The continual misogyny and unrealistic expectations are what weave the narratives together, not the alleged spirit of Christmas. The fact we are expected to celebrate as the best friend of Juliet’s (Keira Knightley) husband collects video close ups of her smile as she walks down the aisle for his wank bank and then gaslights her into feeling guilty about it. The fact that Jamie (Colin Firth) shags his cleaner. The fact that I can’t listen to Joni Mitchell without thinking about Karen (Emma Thompson) crying on her bed because her husband didn’t know how to act around his machiavellian secretary. The fact that we’re meant to applaud Colin’s (Kris Martell) sexist odyssey as he goes in search of infamously ‘easy’ American women.



‘Watch out America, here comes Colin Frissell!... And he's got a big knob!’

[translation: ‘Watch out women of America, here comes Colin Frissell!... And he doesn’t see you as human beings!’]


Love Actually is a film that can be allowed to reside very comfortably in 2003. But nearly two decades on, it is time to direct a critical eye towards the values and expectations for men, women and children that these films propound. The majority of the narratives can be defined as centring around stalking or systematic harassment in the workplace.

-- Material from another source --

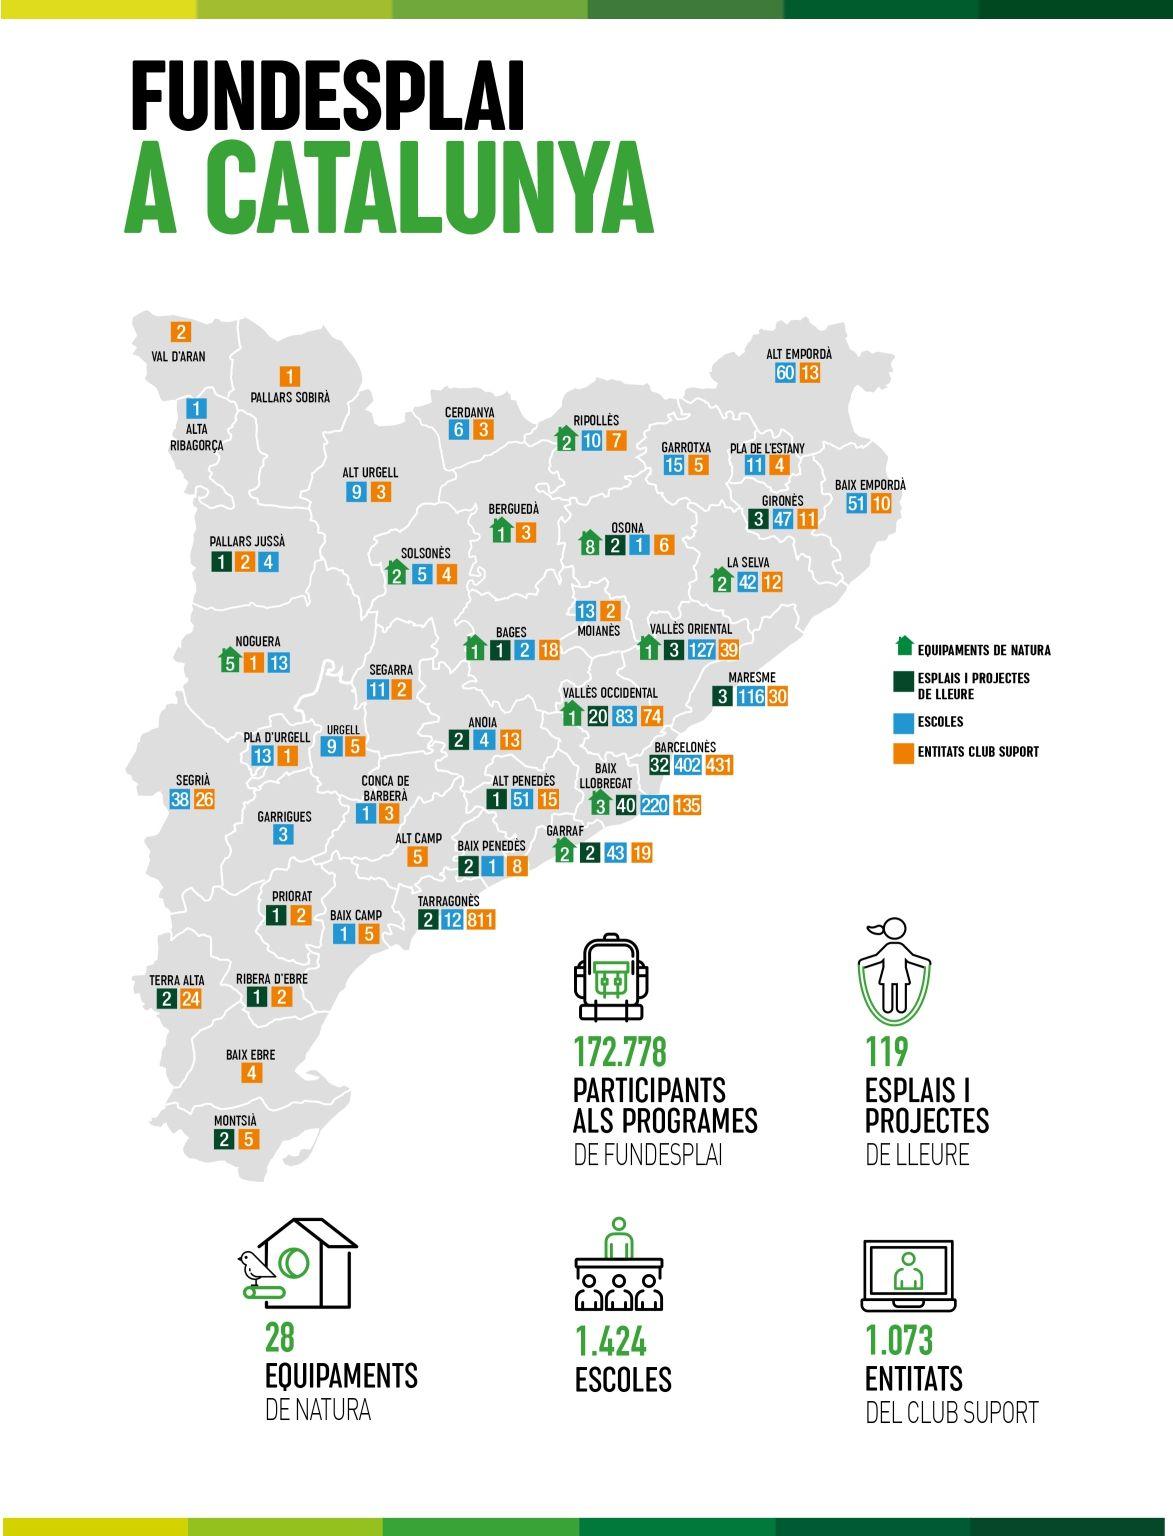 Fundesplai a Catalunya 20-21

Curtis’ films herald a bizarre nostalgia for a time that never really existed. Or at least an experience shared by so few, it is barely palpable. A kind of Nietzschean longing for a time nobody ever had; a time it was ok to smoke inside restaurants; a time it was fine to not know anyone who originates from outside of your niche London borough; a time it was acceptable to have strange sexual chemistry with your sister. Even Yesterday (2019), Curtis’ most recent endeavour starring Himesh Patel, does not redeem him. The same British traditionalism that led him to drown out the homosexual experience with Auden’s ‘Funeral Blues’ leads to a narrative essentially asserting that a person of colour could only be successful in a universe where he is able to appropriate the words of The Beatles as his own. We get it. They put you on the new album cover of ‘Sgt. Pepper’s Lonely Hearts Club Band’, Richard. No need to make a film about it.


Curtis’ love stories follow those of the upper classes so continually unaffected by real life struggles they drift off into fairytale obscurity. No one has ever afforded Notting Hill rent by owning a tiny and unnecessary travel bookshop. It is damaging to continue allowing him to languish as the king of the British romance. I’m not saying that it was wrong to snuggle up with Love Actually on the sofa at Christmas. But the films we turn to for comfort should not be exempt from a critical eye. Broad, positive and progressive representation in the media has never been more important. And the time for old white men being held up as the monarchs of the film industry is coming to a close.


Richard Curtis films are not British culture. In fact, they’re barely culture at all.

May these films teach filmmakers to aim higher and do better.